Downloading the Skeleton Project and Running

  • Clone the Repository
git clone https://github.com/faizanahemad/spark-gradle-template.git
  • Run the project from command line
./gradlew clean run
output of running on command line

Output shows

  • spark version,
  • sum 1 to 100,
  • reading a csv file and showing its first 2 rows
  • average over age field in it.

Setup

Setting up Gradle build

We need to define scala library jars and spark library jars in our gradle build. Also we create a run task for running from command line. Parameter scalaVersion was defined in gradle.properties file.

The Real Code

If you have used spark shell or Jupyter notebook for spark then you will realise that both of them initialised few variables for you from the get go. SparkSession which acts as entry point to all things spark was pre-initialised in them. Now we don’t want to be typing it’s initialisation code everytime in a new program.

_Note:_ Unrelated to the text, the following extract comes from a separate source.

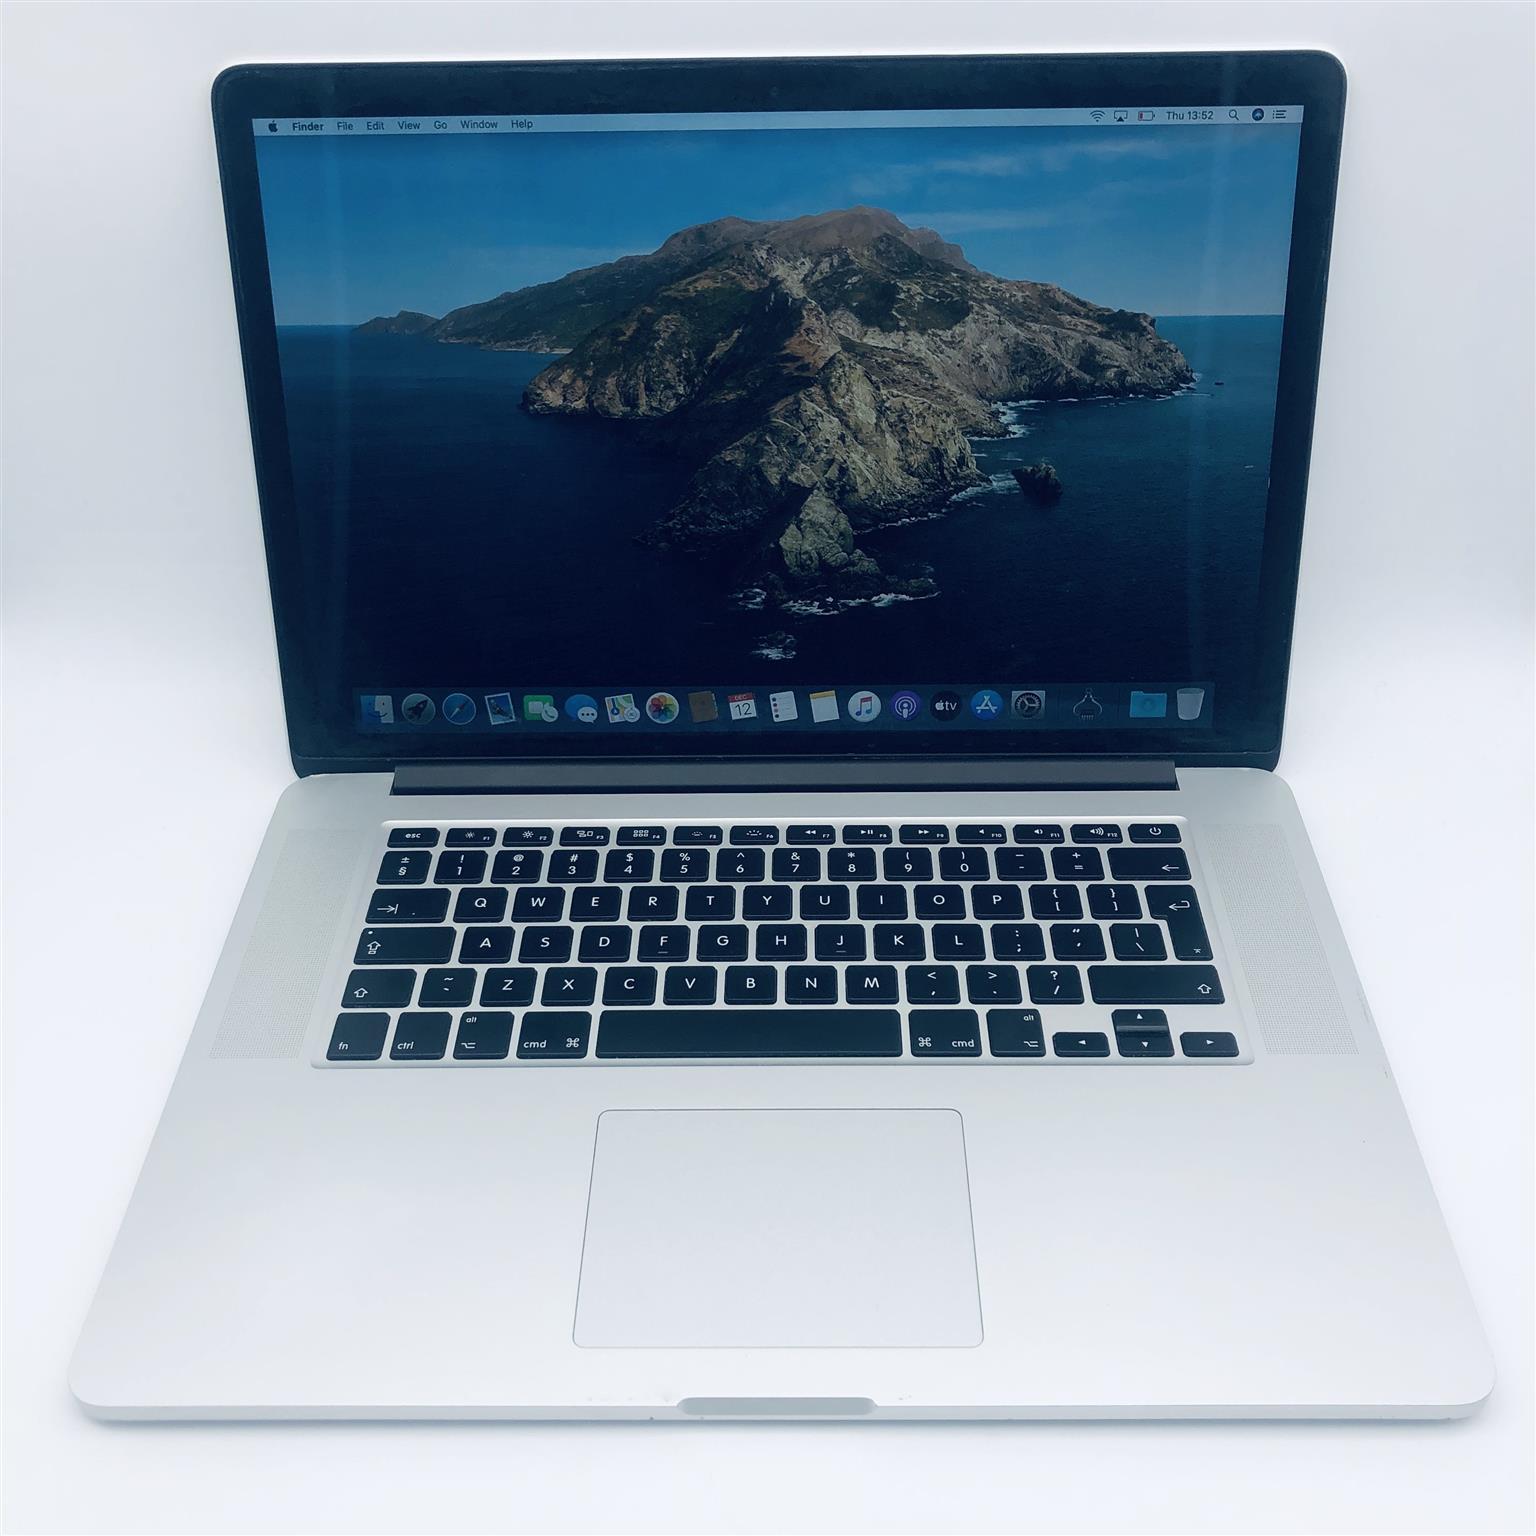 Apple MacBook Pro 15-inch 2.0GHz Quad-Core i7 (Retina, 256GB, Silver) - Pre Owned

val spark: SparkSession = SparkSession.builder()
.appName("Spark example")
.master("local[*]")
.config("option", "some-value")
.getOrCreate()

So what we will do is put this and some other init code in a trait and then extend that trait when we want to write a spark program.
In InitSpark trait we do the following

  • Initialise SparkSession as spark
  • In the parameters you see master("local[*]") this means that it will use as many threads as number of cores in your system
  • Get SparkContext as sc and SqlContext as sqlContext
  • Define reader to read files with headers and schema inference. Reader returns an object of DataFrameReader type which has methods to read from csv, textfiles and json.
  • Define and call a private init function. This function suppresses the logging by changing level to ERROR
  • Define a close function which we will call from our driver after our spark program is over.

Now going to our driver/main class which extends this trait. The main class will not need to initialise spark variable. Also we have already suppressed logging so our console outputs will be readable.
Main.scala does the following

  • Extends InitSpark to use the spark and reader references.
  • import spark.implicits._ for converting the row data read from csv to collection of Person Dataset[Person] — A Dataset is a typed spark collection
  • Create a Dataset[Long] from 1 to 100 and then find it’s sum.
  • Read from csv using the reader we earlier created in the trait.
  • Computes average age of the people and prints it.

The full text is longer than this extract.